As we’ve entered 2011, you may have noticed that a lot of shit with wings or fins has been dying.  At this point one the most widely-accepted explanations for these deaths is stress (really), but that doesn’t rule out many equally valid hypotheses.

1. Barack Obama – According to an undoubtedly accurate FoxNews.com poll, President Barack Obama is responsible for the economic recession, all illegal aliens, homosexuality, and tears (most evidently seen through John Boehner).  Clearly this guy is up to something.  Is it that far-fetched to belief perhaps he’s been killing thousands upon thousands of birds with that southpaw, split-finger fastball he’s got?  No.  In fact, it’s the most likely explanation.

His next target -- the St. Louis Cardinals

2. Holiday Depression - Every year around the holidays, depression sets in deeper than ever for thousands of people.  They go up on the house top and jump, put their heads in the oven like a Christmas ham, or simply swallow an entire bottle of holiday cheer (Valium).  Maybe the same thing happens with birds and fish.  Fly up real high, then stop flapping your wings.  Swim towards the shore and flop yourself on land.  Best part is, they don’t even have to write a suicide note.  [FoxNews.com Editorial Fact Check:  It has been confirmed that birds and fish are, in fact, illiterate.]
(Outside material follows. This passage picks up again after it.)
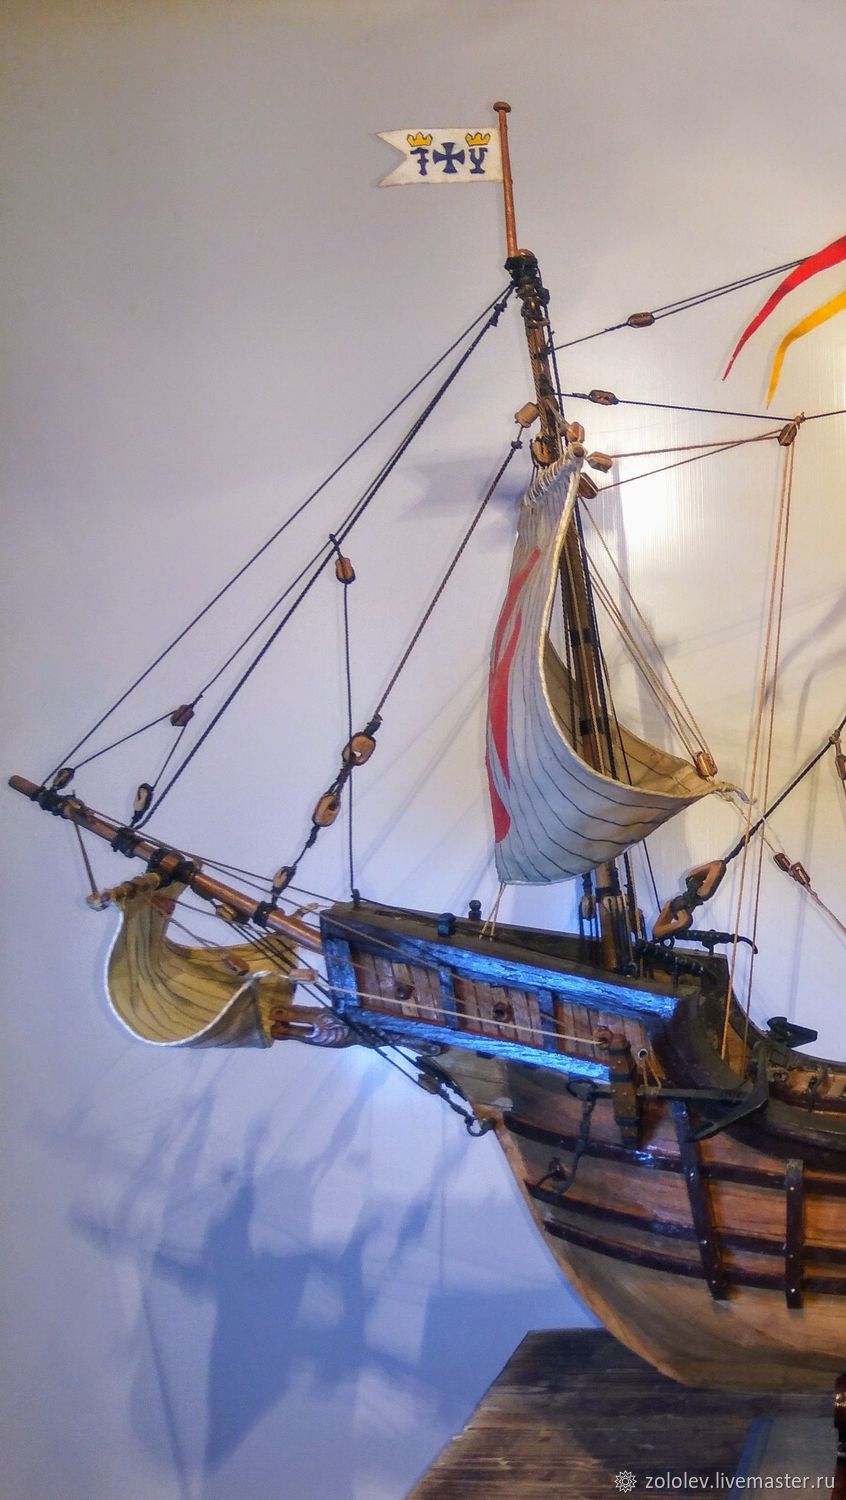 Модель корабля Христофора Колумба Санта Мария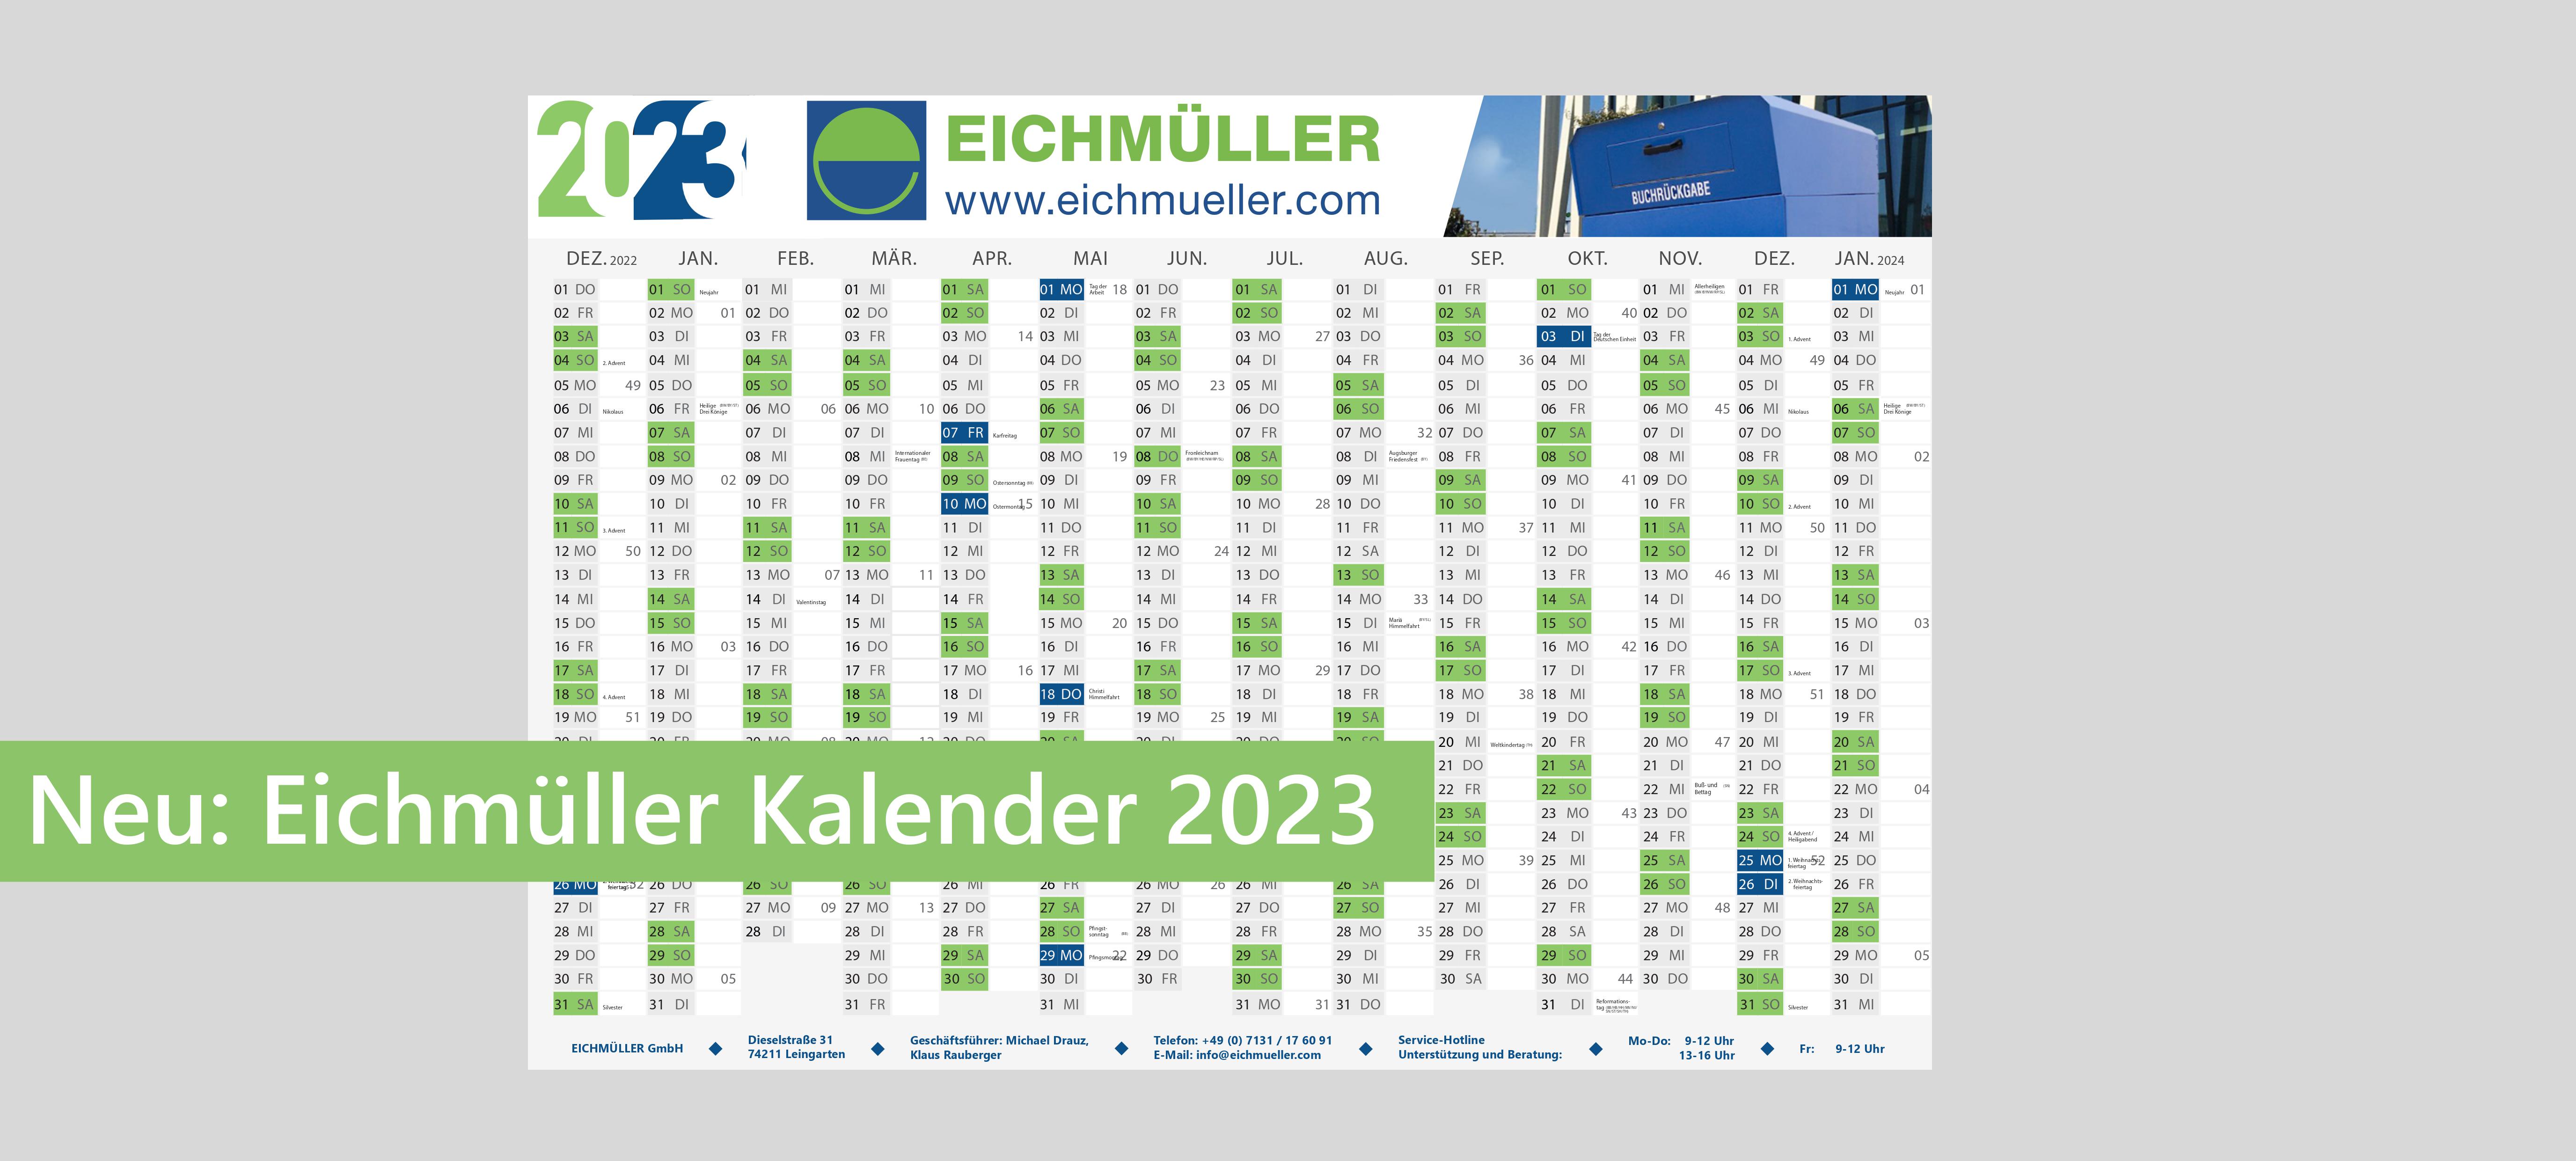 Der neue EICHMÜLLER Kalender 2023

3. Old Age – Maybe, like, all the birds and fish that died at the same time were born at the same time.  So, you know, it was just their time to go… all at once.   I saw this movie called The Notebook where these old people died at the same time at the crazy house.  The old guy from Maverick was in it.  I’m not sure if they were born at the same time in the movie, but if they were, it would really support my theory.  I bet they were born at the same time.

These are fictional characters, not real people, nor are they birds or fish.

4. God - Biblical plague?  Yeah, right.

5.  Aliens - Count me in.  I saw this movie called Signs and there was this part where they were watching TV and a bird flew in the side of an invisible spaceship and died.  It’s how they realized the spaceship was invisible.  Why isn’t anybody reporting anything about the invisible spaceships in Arkansas and the ocean?

[FoxNews.com Editorial Fact Check:  Contrary to our earlier fact check, birds and fish may not be as illiterate as once thought, as evidenced by a talking parrot Walt saw at the pet store.  This is a developing story.]

My name is t.j. and I want to know who gets to eat the birds and fish.